Они смотрят в степь, где, поднимая пыль, работают стальные гиганты, и сквозь зыбкое, колеблющееся над разогретой землей, марево обозревают, как рачительные хозяева, плоды трудов своих. Старик почему-то щупает орден Трудового Красного Знамени, висящий на лацкане пиджака, запорошенного бетонной пылью, и тихо говорит:
— А ведь, пожалуй, и я в коммунизме поживу. Как ты, Евгений, полагаешь, а?
НЕОБЫКНОВЕННЫЙ КОНЦЕРТ
Все началось с открытки, на которую поначалу Михаил Силыч Матвеев, знаменитый солист знаменитого театра, не обратил даже особого внимания. Артист был уже не молод, слава пришла к нему давно, и он едва успевал перечитывать обширную корреспонденцию, которая приходила к нему на театр. Да открытка и не содержала ничего особенного. Радиокомитет организовывал очередной концерт по заявкам слушателей, на этот раз рабочих и инженеров одной из волжских строек. В числе заявок, принесенных музыкальным редактором на выбор Михаилу Силычу, было письмо экскаваторщика Никиты Божемого, который просил певца исполнить старинную бурлацкую песню «Эй, ухнем».
— У него губа не дура, у этого Никиты, — с обычным своим грубоватым добродушием сказал Михаил Силыч редактору. — Что ж, включайте в программу «Эй, ухнем», пусть Никита порадуется.
Певец и сам любил эту песню, которую он давным-давно, еще маленьким конторщиком пароходного общества «Кавказ и Меркурий», замирая, трепеща и обливаясь потом в тесноте галерки, слышал в исполнении Шаляпина. Он пожалел только, что эту раздольную песню придется исполнять в радиостудии, к безлюдью которой он, как и большинство артистов, никак не мог привыкнуть.
Но на этот раз, оставшись один у микрофона, певец вдруг представил знакомое, дорогое ему с детства приволье волжских берегов, стройку, о которой он столько читал в газетах и которая смутно рисовалась ему как нечто огромное, даже с трудом воображаемое. Он увидел массу людей и среди них Никиту Божемого, которого, может быть, из-за необыкновенной его фамилии воображение артиста нарисовало пожилым украинцем в вышитой рубашке с низким воротом, с лысоватым выпуклым шевченковским лбом, с пышными висячими усами и внимательными глазами, грустными и лукавыми одновременно. Он представил себе даже, как слушает его Никита, опираясь подбородком о загорелый кулак и пряча улыбку в пшеничные усы.

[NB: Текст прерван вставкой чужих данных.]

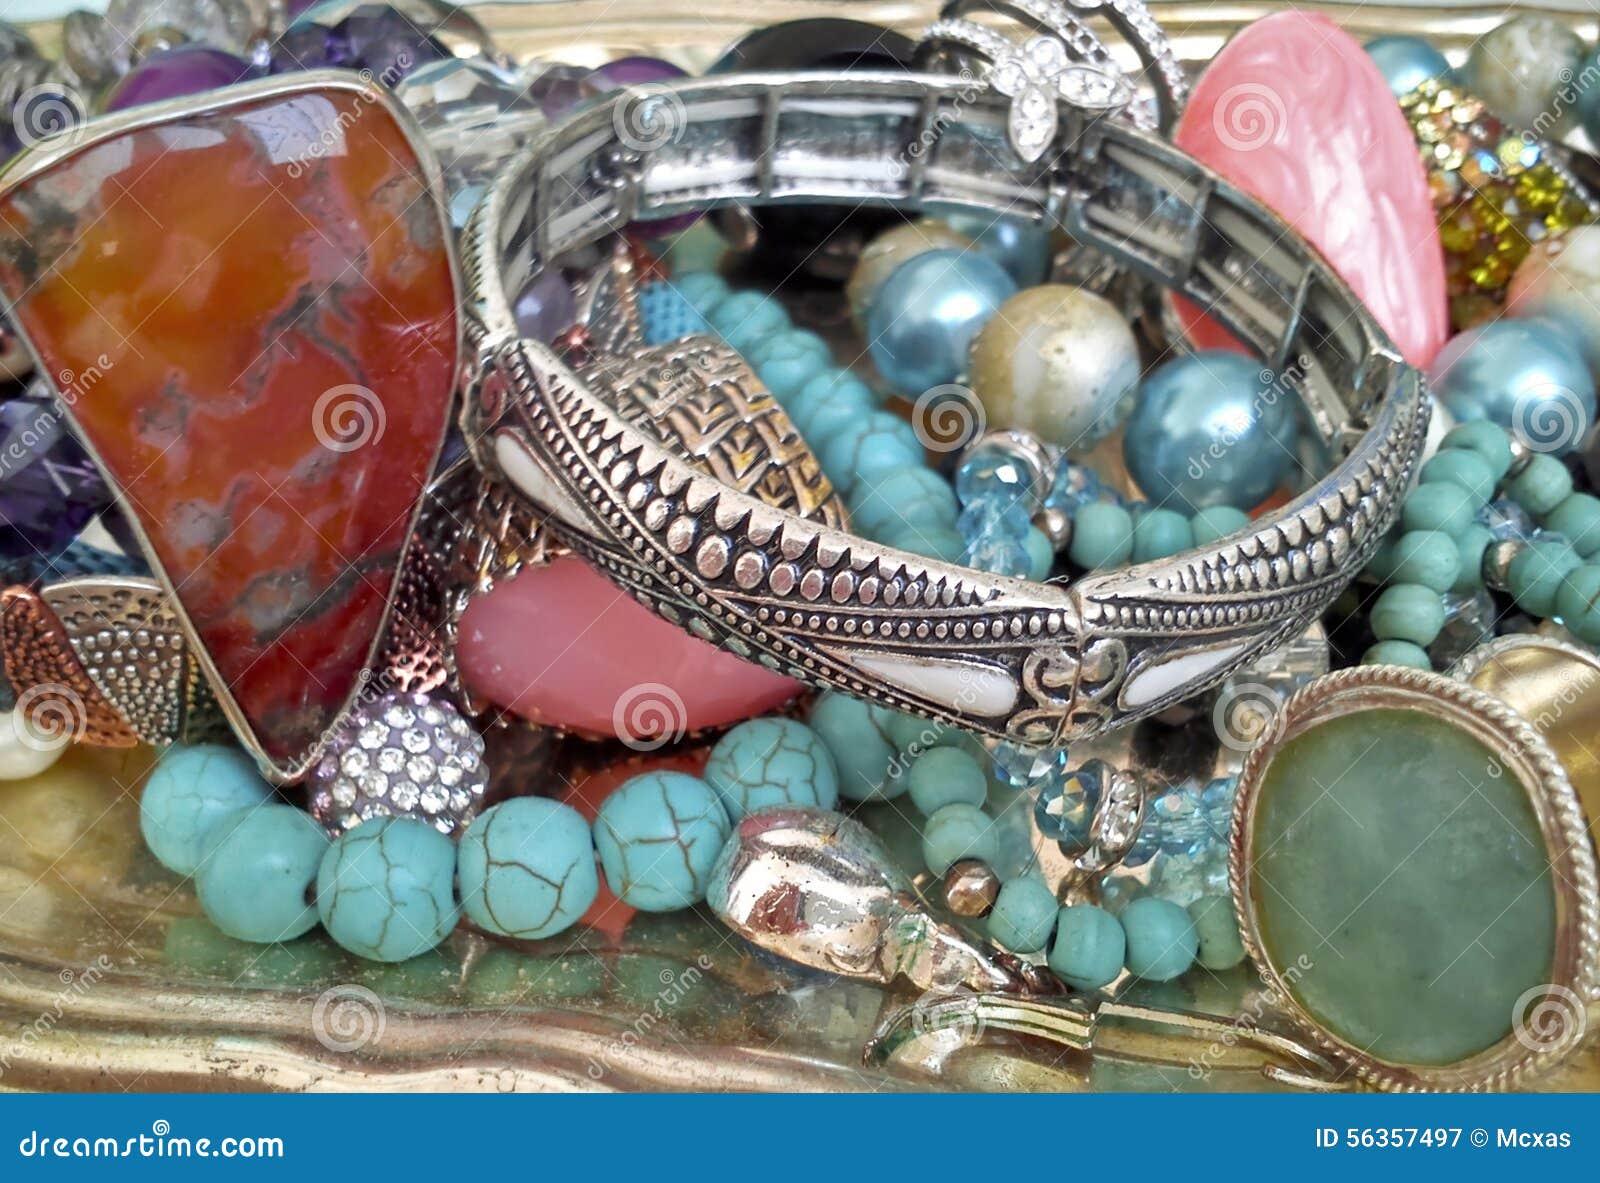 Edelsteinschmuck  Silbermünzen Und Edelsteinschmuck Stockfoto - Bild: 56357497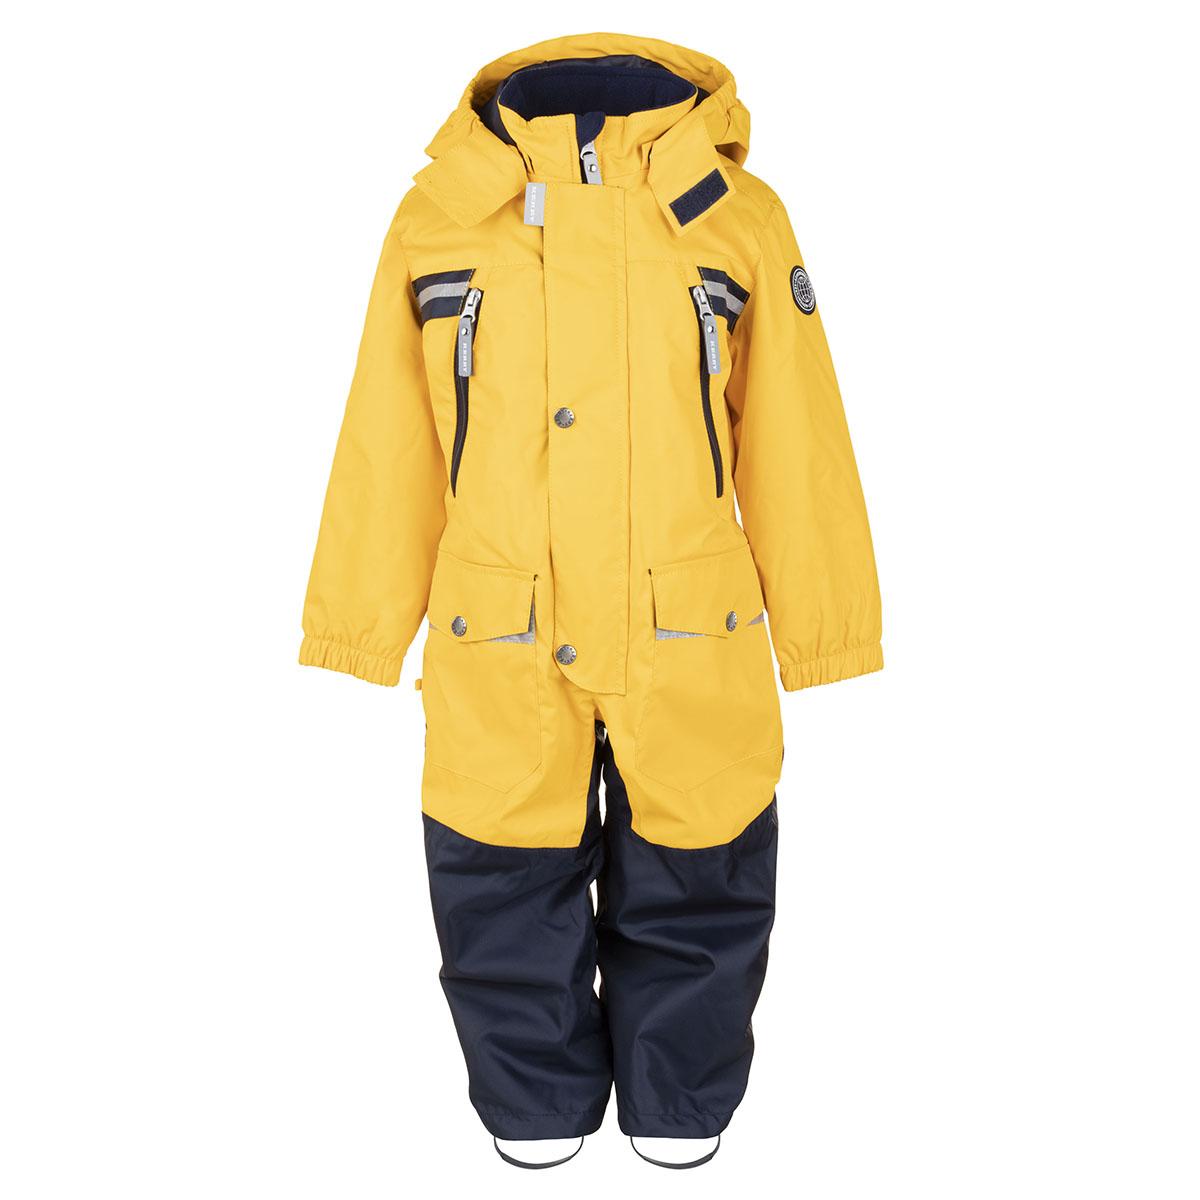 Купить Комбинезон для мальчиков SAILOR9 Kerry, Размер 98, Цвет 109-желтый K21016-109_98,

Должно быть, захваченный этим видением далекой стройки, Михаил Силыч в пустом помещении радиостудии спел так, как давно не певал и на больших концертах.
Через несколько дней пришло письмо от Никиты Божемого. Экскаваторщик сообщал, что он давний любитель пения, слыхивал лучших певцов страны, но такого исполнения любимой песни ему слушать еще не доводилось. Он звал Михаила Силыча к себе на стройку «обновить новый летний театр». Между прочим, в конце письма он сообщал, что в благодарность певцу экипаж его машины решил в следующем месяце перекрыть свой собственный рекорд и вынуть грунта на пятнадцать тысяч кубических метров больше, чем в предыдущем. «Это мы вам в подарок за прекрасное ваше пение», — писал экскаваторщик.
Последние, брошенные точно между прочим, строчки письма необычайно взволновали певца. Он давно привык к вниманию. Ни букеты, которые восторженные девушки торопливо совали ему в руку, когда он выходил из артистического подъезда, ни всяческие портсигары, палехские шкатулки, бювары и бокалы с надписями и без надписей, во множестве преподносимые ему по случаю разных юбилейных дат, — ничто ни разу так не порадовало артиста, как это простое сообщение. Пятнадцать тысяч кубических метров грунта! Ему, давно привыкшему к шумной своей славе, было необыкновенно приятно сознавать, что он вдруг как бы стал участником стройки.
И, неожиданно для всех своих товарищей по театру, он, слывший среди них человеком неподвижным, тугим на подъем, вдруг сам взялся комплектовать концертную бригаду. И делал он это не спеша, деловито, радостно, будто был не знаменитым певцом, а членом экипажа экскаватора «Уралец», выполнявшим задание своего бригадира. Он даже написал Никите Божемому, когда артисты прибудут, кто едет и что будут исполнять. В ответ он получил большое благодарное письмо от начальника политотдела и выразительную телеграмму от самого экскаваторщика: «Великое спасибо, ждем».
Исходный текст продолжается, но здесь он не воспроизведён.